You are playing a note that has a fundamental frequency of 440.00 Hz on a guitar string of length 59.1 cm. At the same time, your friend plays a fundamental note on an open organ pipe, and 4.0 beats per seconds are heard. The mass per unit length of the string is 1.93 g/m. Assume the velocity of sound is 343 m/s.
a) When the guitar string is tightened, the beat frequency decreases. Find the original tension in the string.
b)What is the length of the organ pipe?
a. well, beats are result of either a freq of 440+-4, but it is low, so f=436hz
you know half wavelength = 59.1cm
you know mass per length. You do not know wave velocity on the string.
Use http://hyperphysics.phy-astr.gsu.edu/hbase/waves/string.html
solve for wave velocity first:
wavevelocity=2*length*frequency
b. Pipe organ, open pipe, lambda=2*length
you know frequency 440hz, solve for wavlength, lambda=speedsoundinAir/freq
now knowing wavelength, solve for length (lambda/2)
a) To find the original tension in the guitar string, we need to calculate the beat frequency. The beat frequency is the difference between the frequencies of the two notes being played. In this case, the beat frequency is given as 4.0 beats per second.

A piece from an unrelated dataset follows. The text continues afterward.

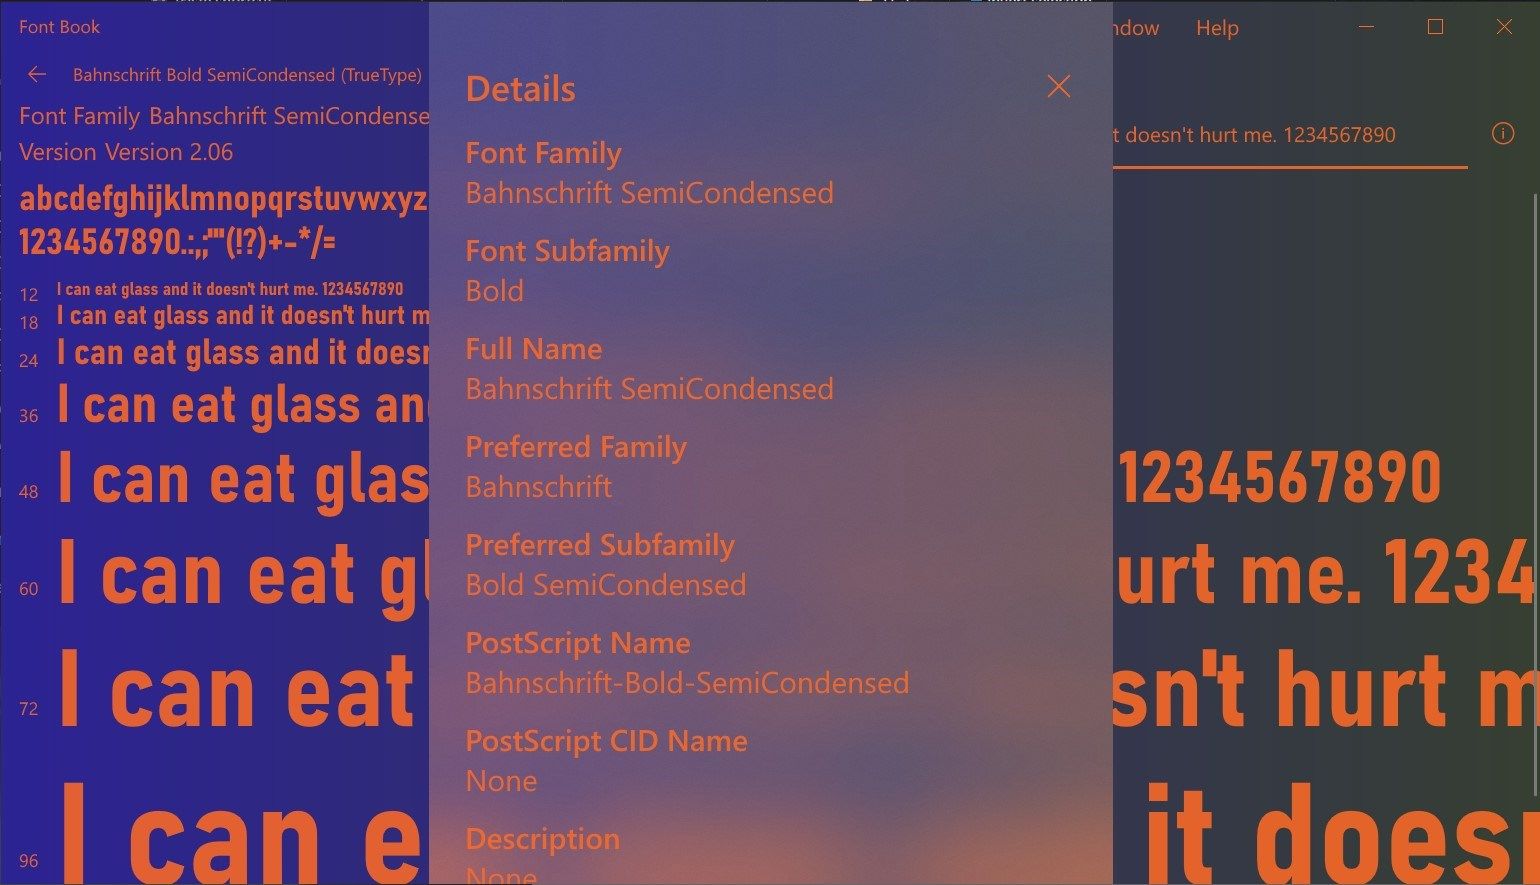 Text View

Let's assume the frequency of the note played on the organ pipe is f1. The beat frequency can be calculated using the formula:
Beat frequency = |f1 - 440.00 Hz|
Since the beat frequency is positive, we can conclude that the frequency of the note played on the organ pipe (f1) is greater than 440.00 Hz.
Now, we need to calculate the frequency of the note played on the organ pipe. Using the formula for the fundamental frequency of an open organ pipe:
f1 = (v/2L),
where v is the velocity of sound (343 m/s) and L is the length of the organ pipe.
Let's assume the length of the organ pipe is L1. Putting it all together, we have:
f1 = (343 m/s) / (2 * L1).
Since we know the beat frequency is 4.0 beats per second and the frequency of the note played on the guitar string is 440.00 Hz, we can write:
f1 - 440.00 Hz = 4.0 Hz.
Now we have two equations:
f1 = (343 m/s) / (2 * L1) (equation 1)
f1 - 440.00 Hz = 4.0 Hz (equation 2)
Solving equation 2 for f1:
f1 = 444.00 Hz.
Substituting this into equation 1:
444.00 Hz = (343 m/s) / (2 * L1).
Rearranging the equation:
2 * L1 = (343 m/s) / 444.00 Hz,
L1 = (343 m/s) / (444.00 Hz * 2).
Now we can calculate the length of the organ pipe, L1.
b) Substituting the given values into the equation:
L1 = (343 m/s) / (444.00 Hz * 2).
L1 ≈ 0.386 m.
So, the length of the organ pipe is approximately 0.386 meters.